Work order ::
Copy exactly the stretch of lines from the one holding "Orange bird. Original" through the last line of the data below, inclusive. Leave out pictures.

Source material ::

*-*-*

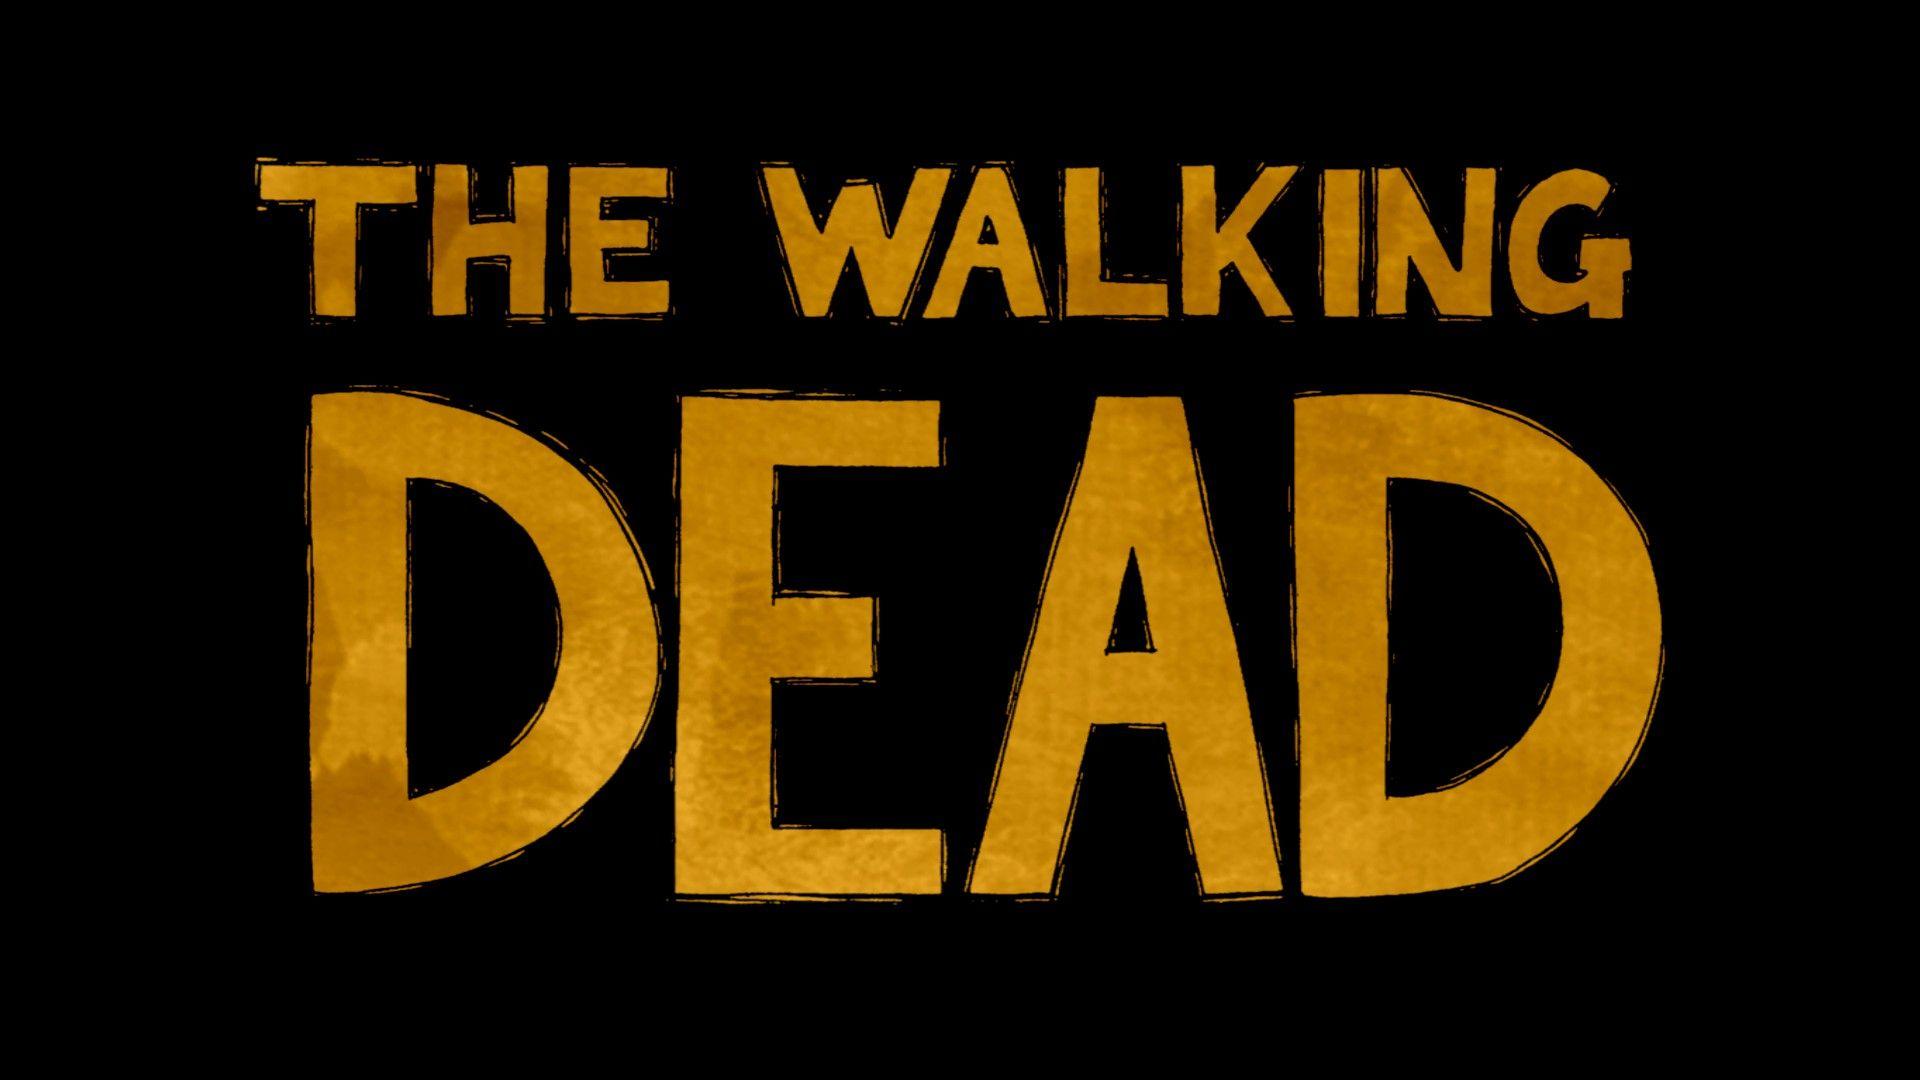 The Walking Dead Computer Wallpaper, Desktop Background
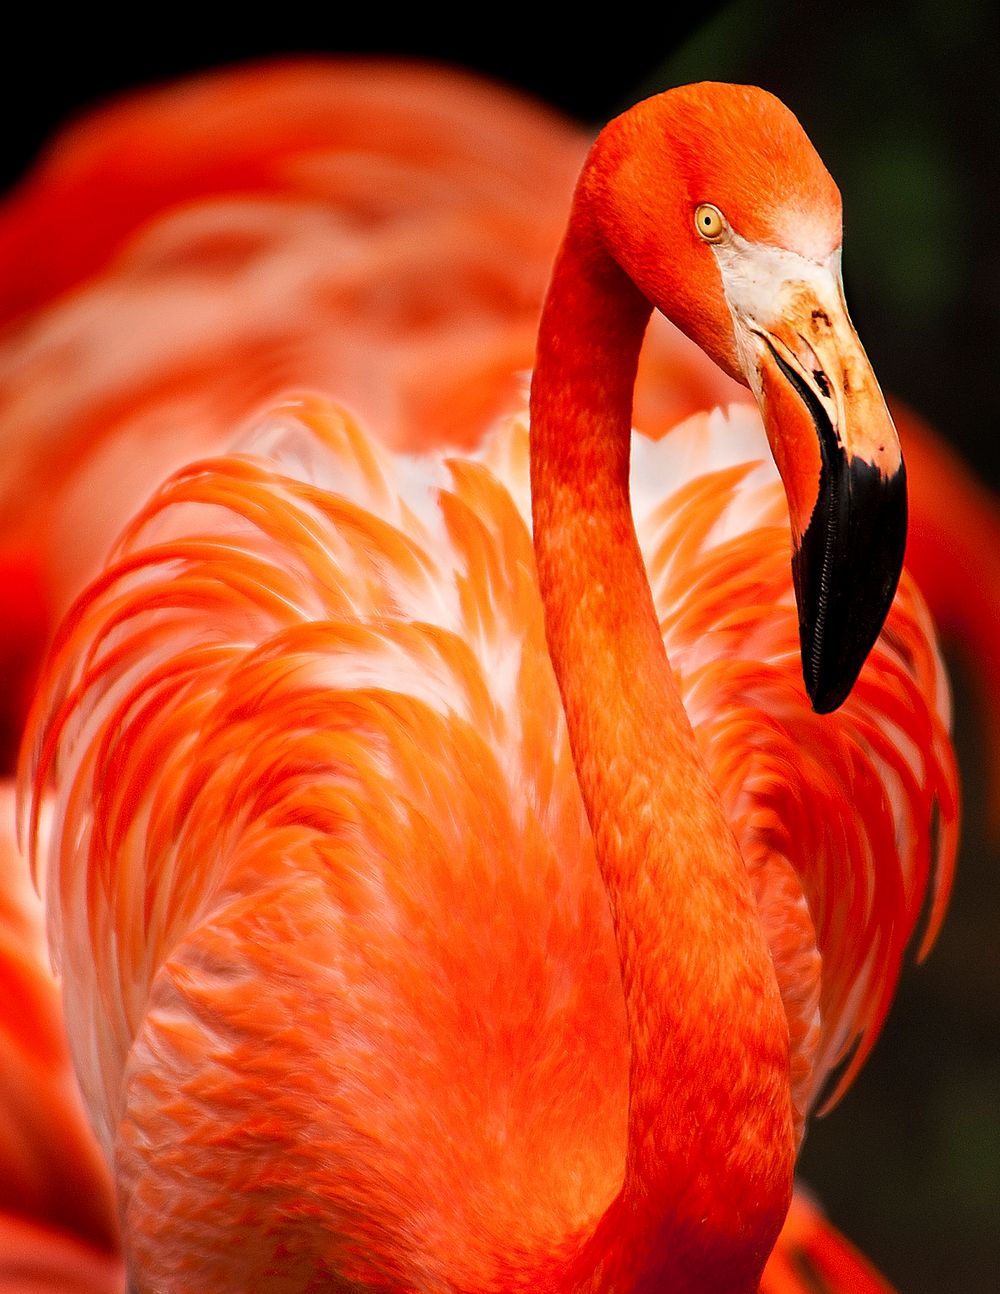 Orange bird. Original public domain image from Wikimedia Commons
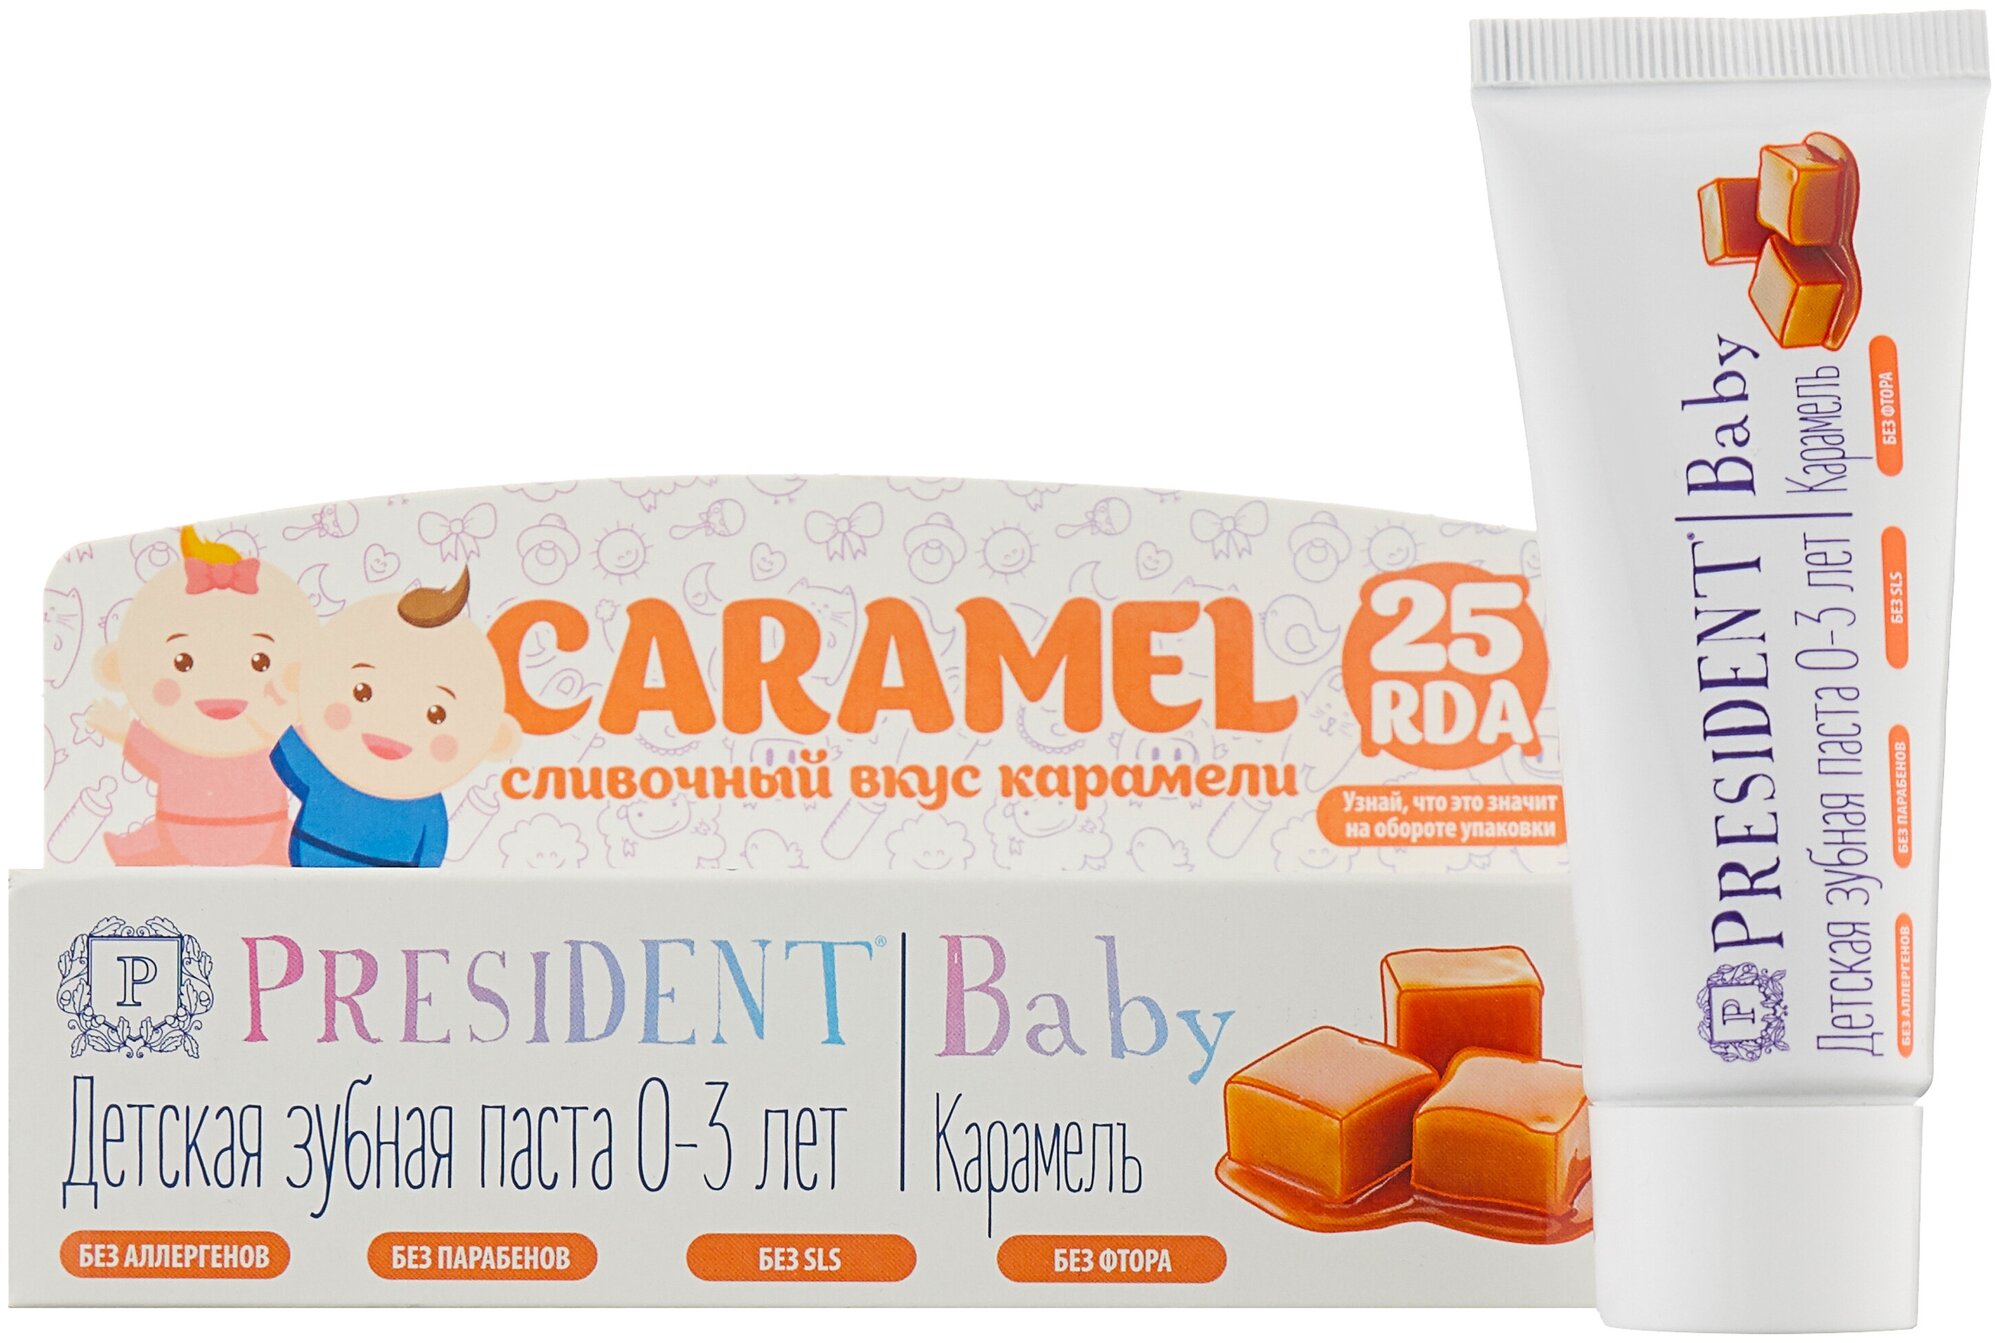 PresiDENT Baby зубная паста детская 0-3 карамель детская зубная паста 25 RDA без фтора 30 мл

*-*-*

Reply ::
 Orange bird. Original public domain image from Wikimedia Commons
 PresiDENT Baby зубная паста детская 0-3 карамель детская зубная паста 25 RDA без фтора 30 мл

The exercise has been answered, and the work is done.